# Select a couple of simpler trips to compare

* Compare methodologies, which differ when handling more complex shapes
* But is it different even in simpler shapes?
* Start with Big Blue Bus and LA Metro

In [None]:
import geopandas as gpd
import pandas as pd

from shared_utils import rt_dates, rt_utils
from segment_speed_utils import helpers
from segment_speed_utils.project_vars import SEGMENT_GCS, GCS_FILE_PATH
from calitp_data_analysis import utils

RT_DELAY_GCS = f"{GCS_FILE_PATH}rt_delay/v2_segment_speed_views/"
analysis_date = rt_dates.DATES["sep2023"]

## Prep Eric's segments

In [None]:
itp_ids = [
    182,
    300,
]

# Don't narrow down time-of-day yet, we might select a trip from any 
# of these
time_of_day = [
    "AM_Peak", "Midday", "PM_Peak"
]

eric_dfs = [
    gpd.read_parquet(
        f"{RT_DELAY_GCS}{itp_id}_{analysis_date}_{time}.parquet")
      for itp_id, time in zip(itp_ids, time_of_day)
     ]

df_eric = pd.concat(eric_dfs, axis=0).reset_index(drop=True)

## Prep Tiff's segments

* Use what's concatenated from Eric to filter down preemptively
* Merge in identifiers so we can compare off of `shape_id`, `trip_id`, and `stop_id`, `stop_sequence` instead of `shape_array_key` and `trip_instance_key`

In [None]:
shape_trips = df_eric[["shape_id", "trip_id"]].drop_duplicates()

In [None]:
scheduled_trips = helpers.import_scheduled_trips(
    analysis_date,
    columns = [
        "gtfs_dataset_key", "name", 
        "trip_id", "trip_instance_key",
        "shape_id", "shape_array_key",
        "route_id", "direction_id"],
    get_pandas = True
).rename(columns = {"gtfs_dataset_key": "schedule_gtfs_dataset_key"})

In [None]:
# Grab the trip_instance_keys we need and use it
# to filter the speeds parquet down
subset_trips = scheduled_trips.merge(
    shape_trips,
    on = ["shape_id", "trip_id"],
    how = "inner"
)

trip_instances = subset_trips.trip_instance_key.unique().tolist()
subset_shapes = subset_trips.shape_array_key.unique().tolist()

In [None]:
segments = gpd.read_parquet(
    f"{SEGMENT_GCS}stop_segments_{analysis_date}.parquet",
    filters = [[("shape_array_key", "in", subset_shapes)]]
).drop(columns = ["geometry_arrowized", "district_name"])

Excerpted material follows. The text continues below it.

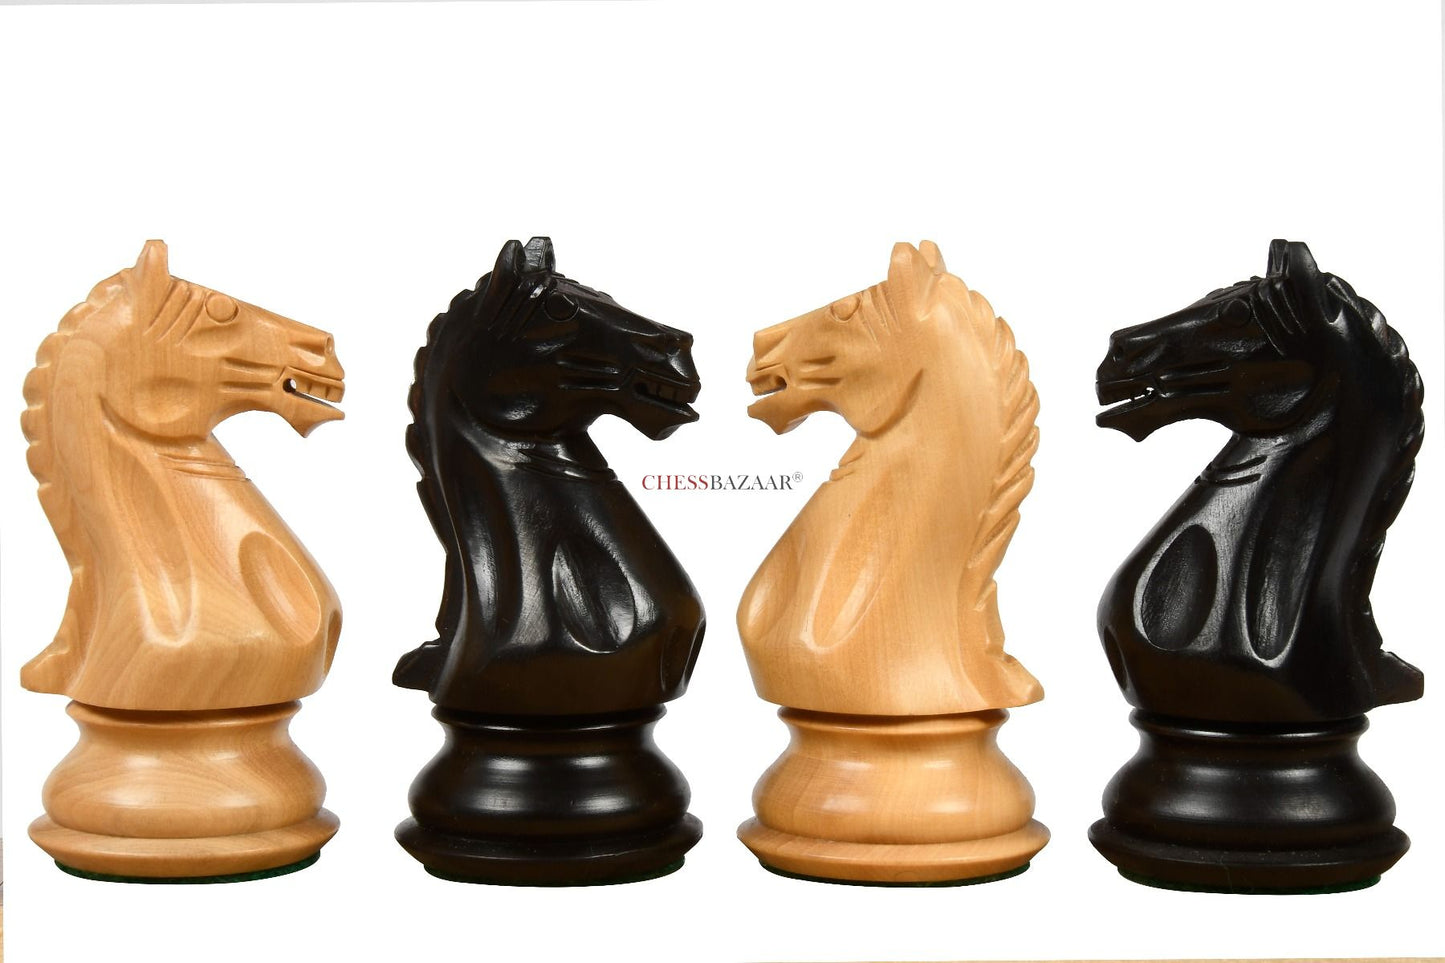 Combo of The Fierce Knight Staunton Wooden Chess Pieces in Ebonized Boxwood & Box Wood - 4.0" King with Storage Box and Wooden Chess Board - 21"

filtered_trip_speeds = pd.read_parquet(
    f"{SEGMENT_GCS}speeds_stop_segments_{analysis_date}.parquet",
    filters = [[("trip_instance_key", "in", trip_instances)]]
).merge(
    subset_trips,
    on = ["trip_instance_key", "shape_array_key"],
    how = "inner"
)

df_tiff = pd.merge(
    segments,
    filtered_trip_speeds,
    on = ["schedule_gtfs_dataset_key", "shape_array_key", "stop_sequence"],
    how = "inner"
)

## Merge dfs

* stop_sequence doesn't exactly merge, but that's fine, since Eric cuts shorter segments, so `stop_sequence` can have values like 1.25, 1.50, etc.
* Leave it in the merge for now, and allow `left_only` merges

In [None]:
cols_to_compare = [
    "trip_id", "shape_id", "stop_id", "stop_sequence",
    "route_id", "direction_id",
]

speed_df = pd.merge(
    df_eric[cols_to_compare + ["speed_mph"]].rename(
        columns = {"speed_mph": "eric_speed_mph"}),
    df_tiff[cols_to_compare + ["speed_mph"]].rename(
        columns = {"speed_mph": "tiff_speed_mph"}),
    on = cols_to_compare,
    how = "left",
    indicator = True
)

In [None]:
utils.geoparquet_gcs_export(
    df_eric,
    SEGMENT_GCS,
    f"speeds_eric_{analysis_date}"
)

utils.geoparquet_gcs_export(
    df_tiff,
    SEGMENT_GCS,
    f"speeds_tiff_{analysis_date}"
)

speed_df.to_parquet(f"{SEGMENT_GCS}speeds_comparison_{analysis_date}.parquet")

## Side-by-Side Maps

In [None]:
df_eric.shape, df_tiff.shape 

In [None]:
#df_tiff.route_id.unique()

In [None]:
#one_route = "96-13168"
#df_tiff[df_tiff.route_id==one_route].explore(
#    "route_id", tiles = "CartoDB Positron")

In [None]:
#df_tiff[df_tiff.route_id==one_route].trip_id.unique()

In [None]:
trips_to_try = {
    "metro_720": "10720012750651-JUNE23", #route_id: 720-13168
    "metro_901": "10901000590843-JUNE23", #route_id: 901-13168
    "metro_550": "10550001350610-JUNE23", # route_id: 550-13168
    "metro_230":  "10230000830600-JUNE23", # route_id: 230-13168
    "metro_96": "10096002510743-JUNE23", # route_id: 96-13168
    "bbb1": "908521", # route_id: 3639
    #"bbb2": "", #route_id
}

In [None]:
# Why can't we return 2 map objects? Second one doesn't plot
# Just break it apart then
def eric_map(gdf: gpd.GeoDataFrame, one_trip: str):
    
    gdf2 = gdf[gdf.trip_id==one_trip]

    m1 = gdf2.explore(
         "speed_mph", 
        tiles = "CartoDB Positron",
        cmap = rt_utils.ZERO_THIRTY_COLORSCALE
    )
    
    return m1


def tiff_map(gdf: gpd.GeoDataFrame, one_trip: str):
    
    gdf2 = gdf[gdf.trip_id==one_trip]

    m1 = gdf2.explore(
         "speed_mph", 
        tiles = "CartoDB Positron",
        cmap = rt_utils.ZERO_THIRTY_COLORSCALE
    )

    return m1

In [None]:
eric_map(df_eric, trips_to_try["metro_720"])

In [None]:
tiff_map(df_tiff, trips_to_try["metro_720"])

In [None]:
eric_map(df_eric, trips_to_try["metro_901"])

In [None]:
tiff_map(df_tiff, trips_to_try["metro_901"])

In [None]:
eric_map(df_eric, trips_to_try["metro_550"])

In [None]:
tiff_map(df_tiff, trips_to_try["metro_550"])

In [None]:
eric_map(df_eric, trips_to_try["metro_230"])

In [None]:
tiff_map(df_tiff, trips_to_try["metro_230"])

In [None]:
eric_map(df_eric, trips_to_try["metro_96"])

In [None]:
tiff_map(df_tiff, trips_to_try["metro_96"])

In [None]:
eric_map(df_eric, trips_to_try["bbb1"])

In [None]:
tiff_map(df_tiff, trips_to_try["bbb1"])